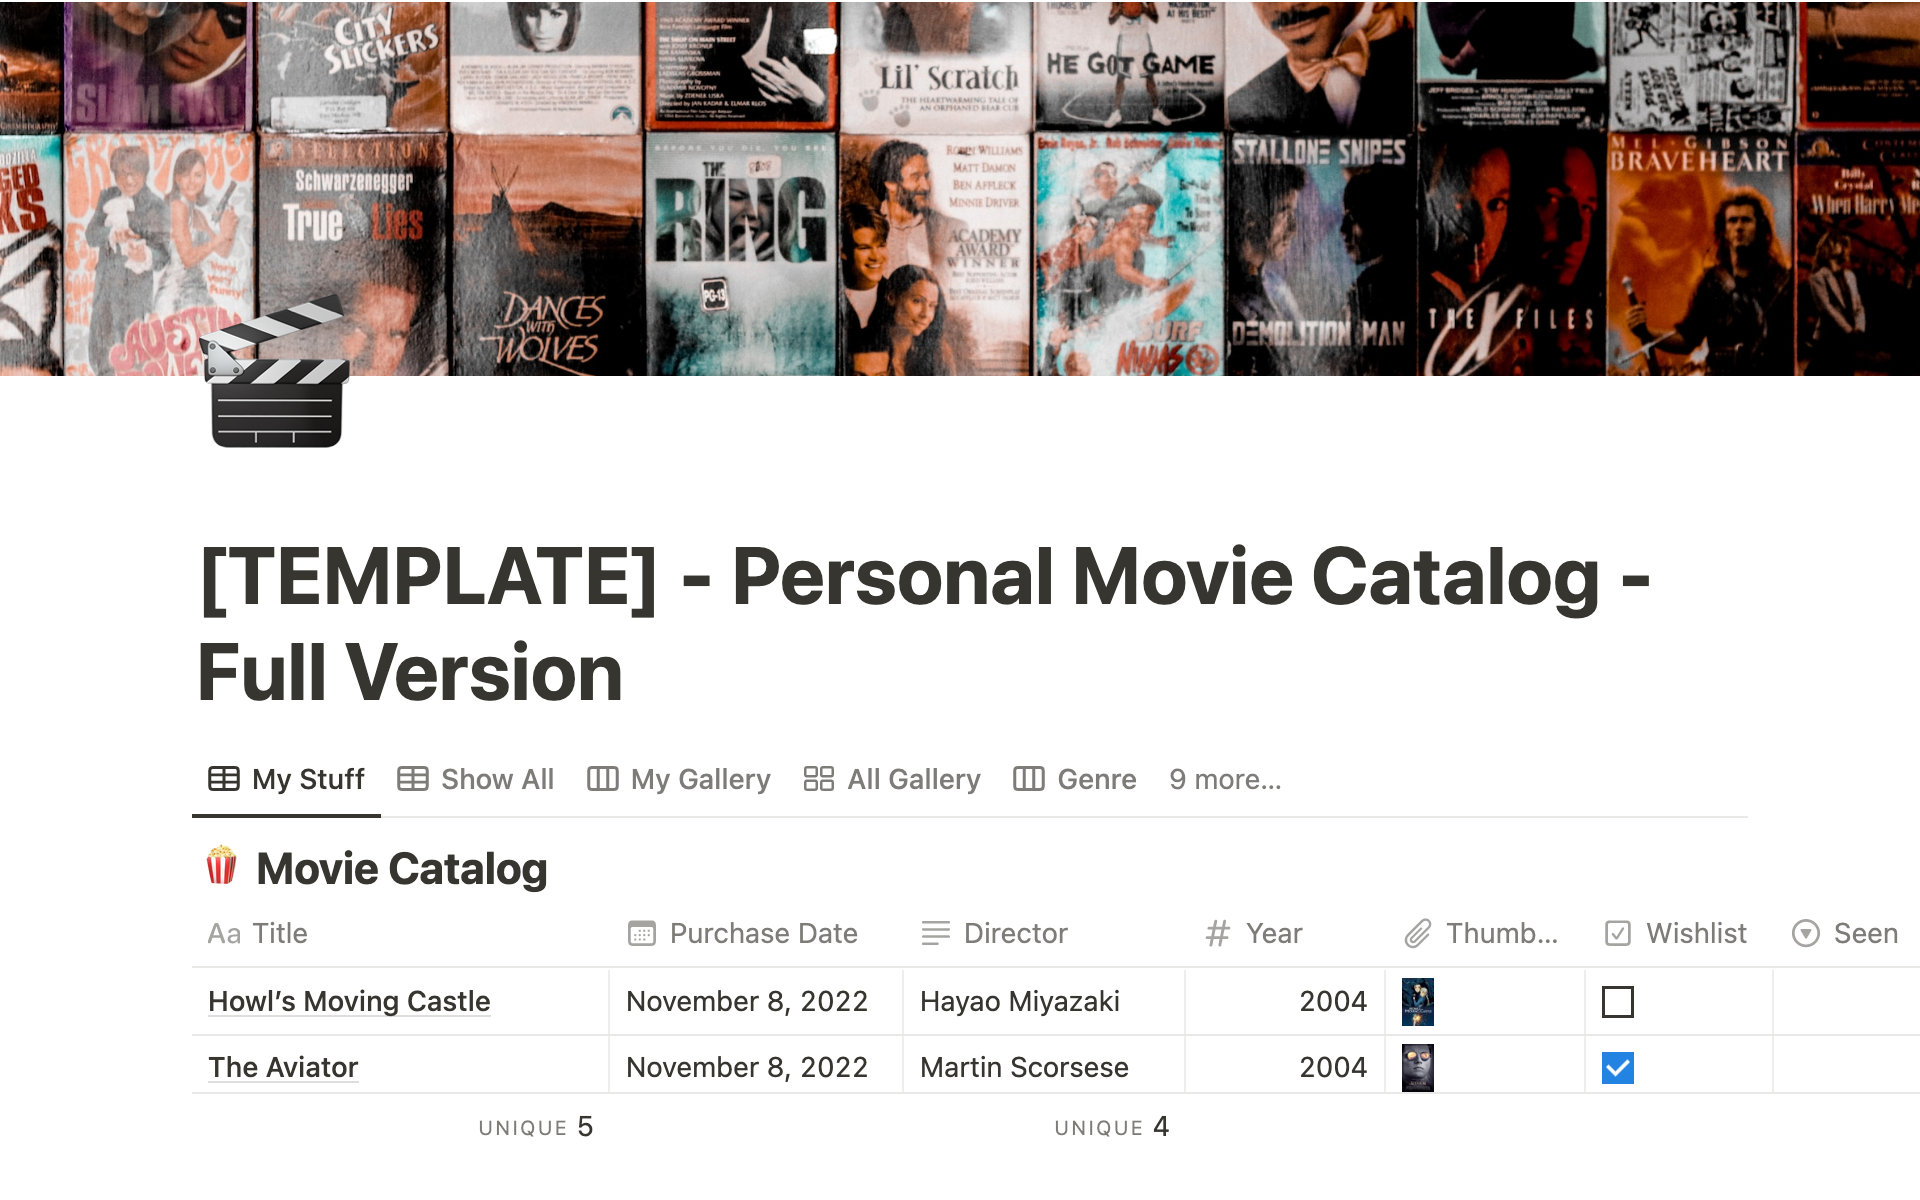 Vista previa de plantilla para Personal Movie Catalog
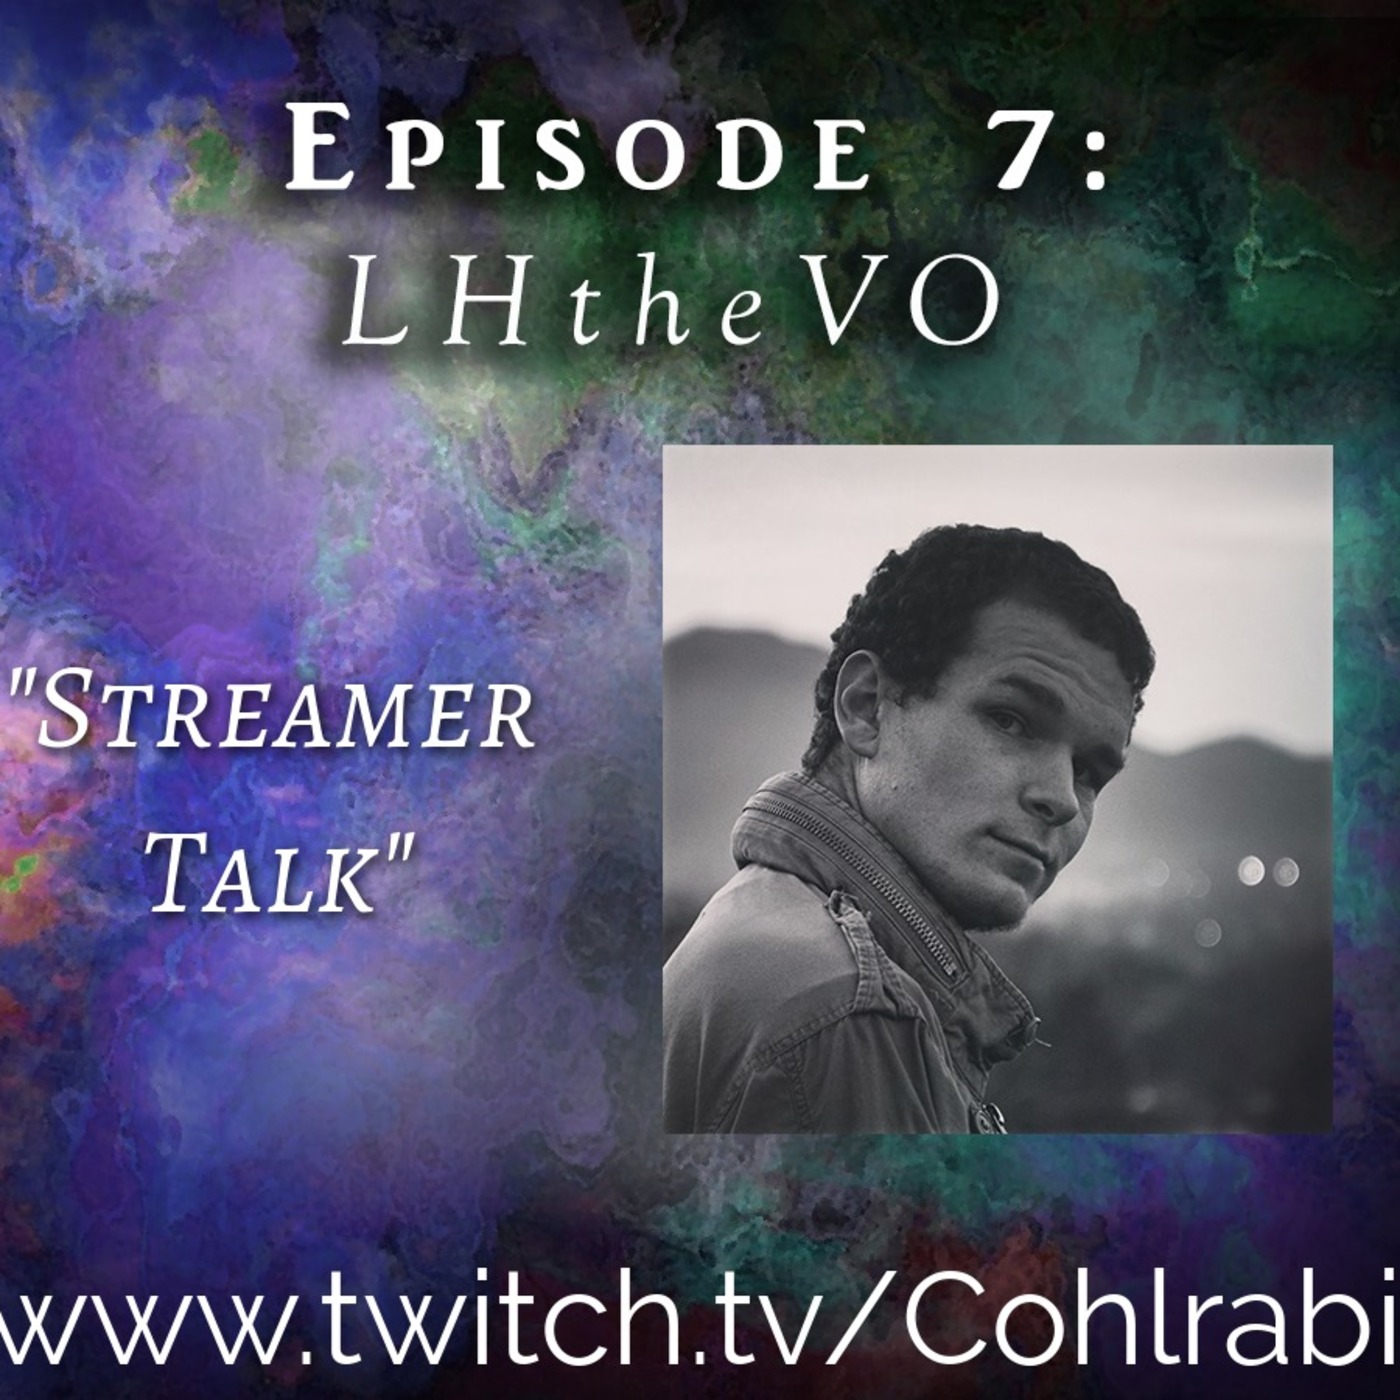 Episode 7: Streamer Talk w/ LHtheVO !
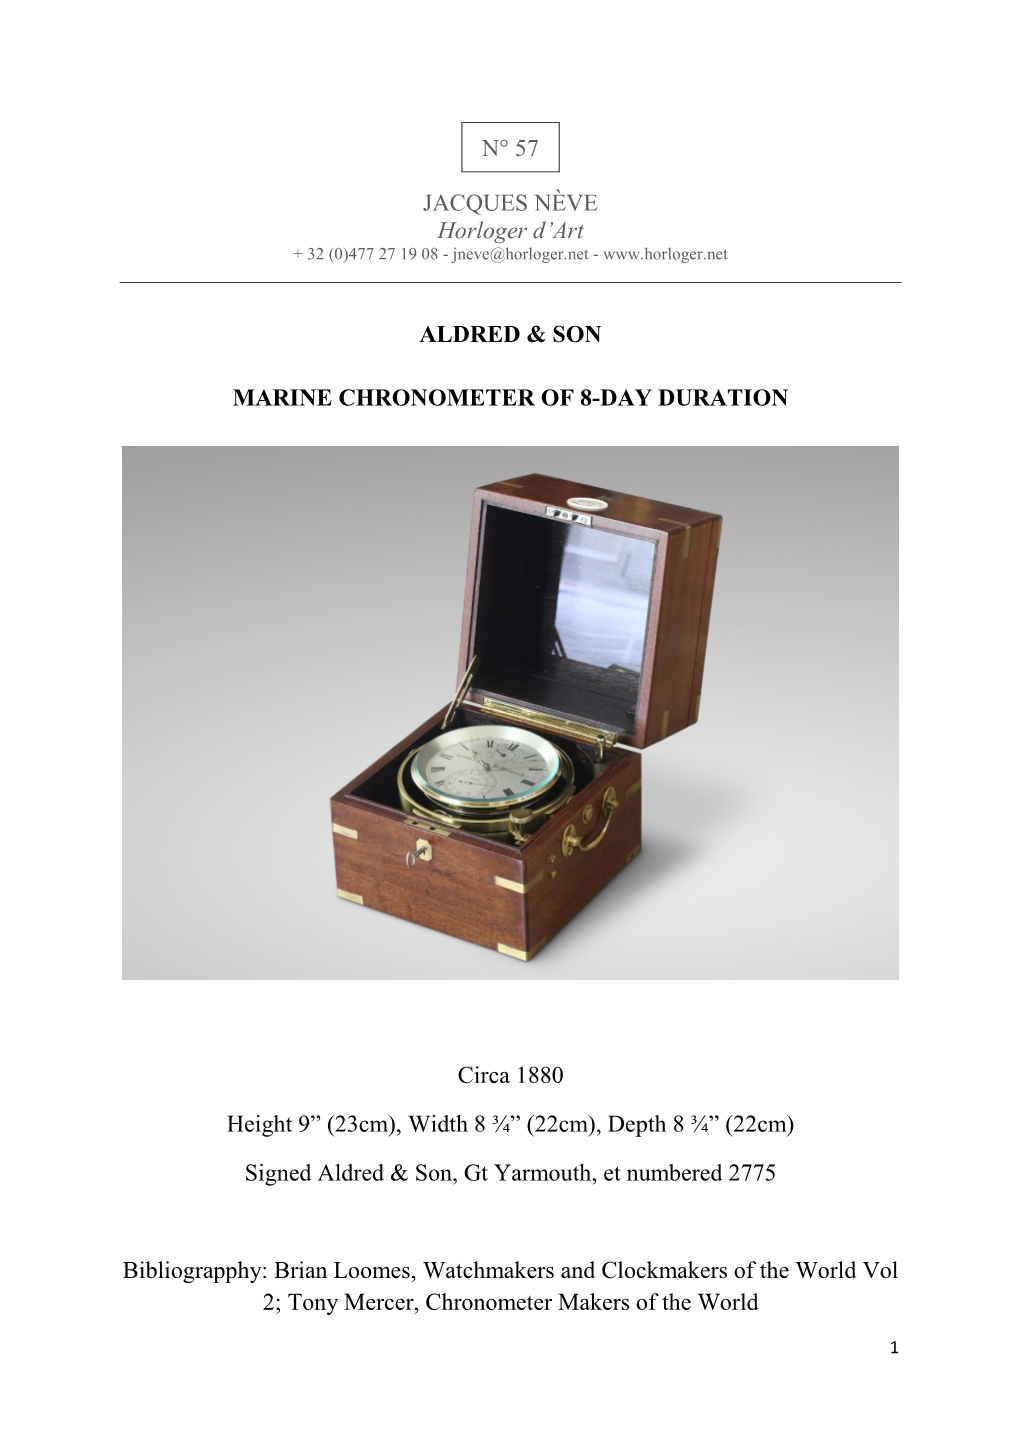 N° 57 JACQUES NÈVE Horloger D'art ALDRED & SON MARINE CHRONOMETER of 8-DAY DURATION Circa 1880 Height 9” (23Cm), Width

* * * * * * *

Return the listing above in full and without alteration, excluding its pictures.

 Vista previa de plantilla para Personal Movie Catalog
 Episode 7: Streamer Talk w/ LHtheVO !
 N° 57 JACQUES NÈVE Horloger D'art ALDRED & SON MARINE CHRONOMETER of 8-DAY DURATION Circa 1880 Height 9” (23Cm), Width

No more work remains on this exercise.